Leider weiß ich nicht, was auf dem Klappentext des Schutzumschlages zu lesen und zu sehen war, denn mein Exemplar, vor 1979 für fünf Mark in einem Berliner Antiquariat erworben, hatte keinen Umschlag mehr. Dafür waren und sind einige der Illustrationen von Hans Baltzer akribisch und mit viel Druck auf das wahrlich nicht sehr stabile Papier nachgezogen worden, vermutlich von einem Verklemmten, den die Zeichnung der Petra im Schlüpfer, sich oben ohne etwas über den Kopf ziehend, so sehr animierte, dass er es auch ohne Buch immer sehen können wollte. Das Buch trägt den Untertitel „Eine Liebesgeschichte“ und erschien 1956 im Verlag Das Neue Berlin.

Wenn es denn stimmt, was Annette Leo in ihrer Strittmatter-Biografie behauptet, dass nämlich Strittmatter 1951 einen Generalvertrag mit dem Aufbau-Verlag abschloss, dann wäre es interessant zu erfahren, warum schon wenige Jahre später und nur für dieses eine Buch, der Generalvertrag seine Gültigkeit nicht einforderte. Da Annette Leo die Liebesgeschichte „Paul und die Dame Daniel“ aber gar nicht kennt, jedenfalls erwähnt sie sie an keiner einzigen Stelle ihres umfänglichen Buches, nicht einmal im Werkverzeichnis, kann sie die Frage danach weder stellen noch beantworten.

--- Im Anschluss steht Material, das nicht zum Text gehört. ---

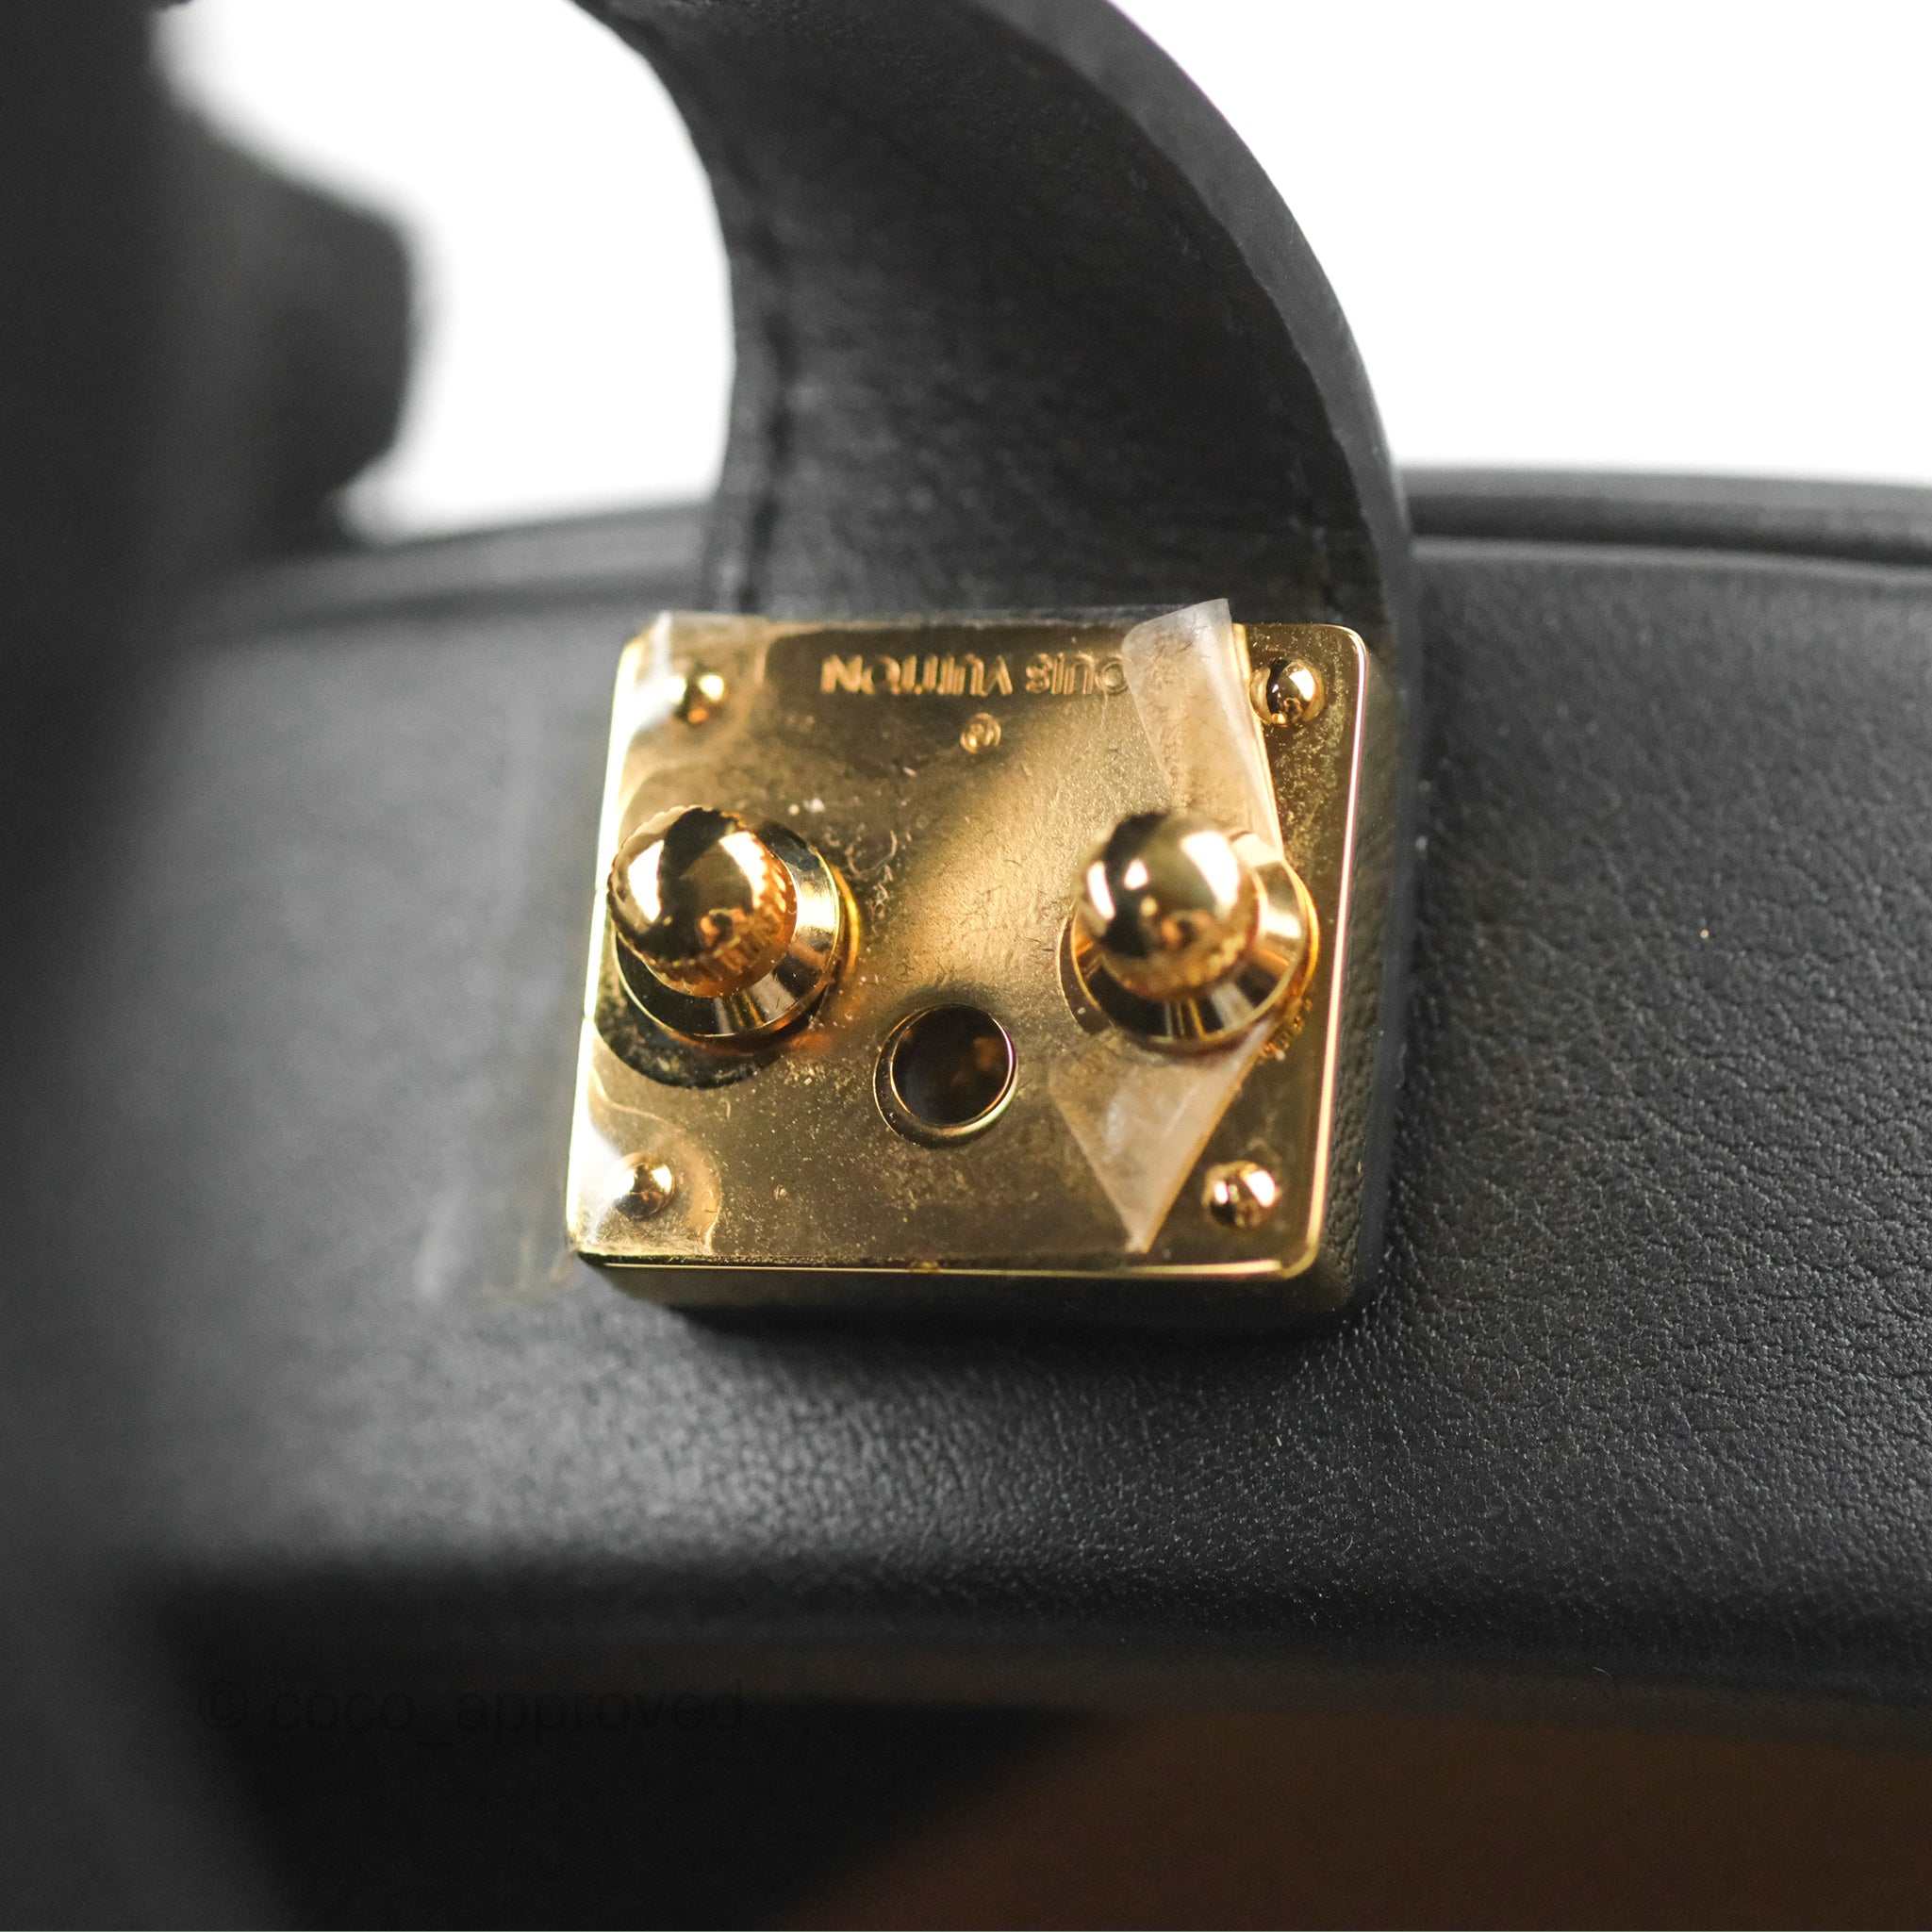 ✨NEW ARRIVAL✨ Louis Vuitton Reverse Monogram Petite Boite Chapeau Bag  $5,400.00 Microchipped Material: Reverse monogram canvas & black…

In den in diesem Jahr erstmals veröffentlichten Tagebuchauszügen Strittmatters unter dem Titel „Nachrichten aus meinem Leben“ (Aufbau-Verlag) taucht die Liebesgeschichte ein einziges Mal auf, unter dem Datum des 29. Dezember 1955. Herausgeberin Almut Giesecke hält eine irgendwie geartete Anmerkung ihrerseits zu diesem somit fast verschwiegenen Buch für überflüssig, nennt im Apparat lediglich Verlag und Erscheinungsjahr.

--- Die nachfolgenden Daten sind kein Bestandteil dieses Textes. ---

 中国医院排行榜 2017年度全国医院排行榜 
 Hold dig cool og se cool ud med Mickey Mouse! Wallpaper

Wäre also eine sensationsverdächtige Wiederentdeckung zu vermelden aus dem von zahlreichen seltsamen Flugobjekten durchsausten Strittmatter-Kosmos? Natürlich nicht. Diese Liebesgeschichte verdient in heutiger Artikulation vielleicht am ehesten das Prädikat SCHRÄG. Denn der Bestarbeiter Paul, der mit der Straßenbahnschaffnerin Petra lebt und ein Kind hat und im Berlin der frühesten DDR-Jahre in unmittelbarer Nachbarschaft zur Stalinallee mit ihren „Schlössern“ Erdarbeiten verrichtet, plaudert vor sich hin, dass einem heutigen Leser zunächst die Schweißperlen auf die Stirn treten möchten, nicht zu denken an heutige Leserinnen. Dieser seltsame proletarische Macho, der aus seinem Graben heraus eines Tages die Dame Daniel wahrnimmt und eine Liebesgeschichte beginnt, die sich nahezu ausschließlich in seinem Kopf abspielt, redet sich um jede Sympathie. Dann aber, und hier liegt die Tücke des Werkes, wird fast von Seite zu Seite mehr klar: Hier kann es sich nur um eine besonders hinterhältig gedachte Satire handeln.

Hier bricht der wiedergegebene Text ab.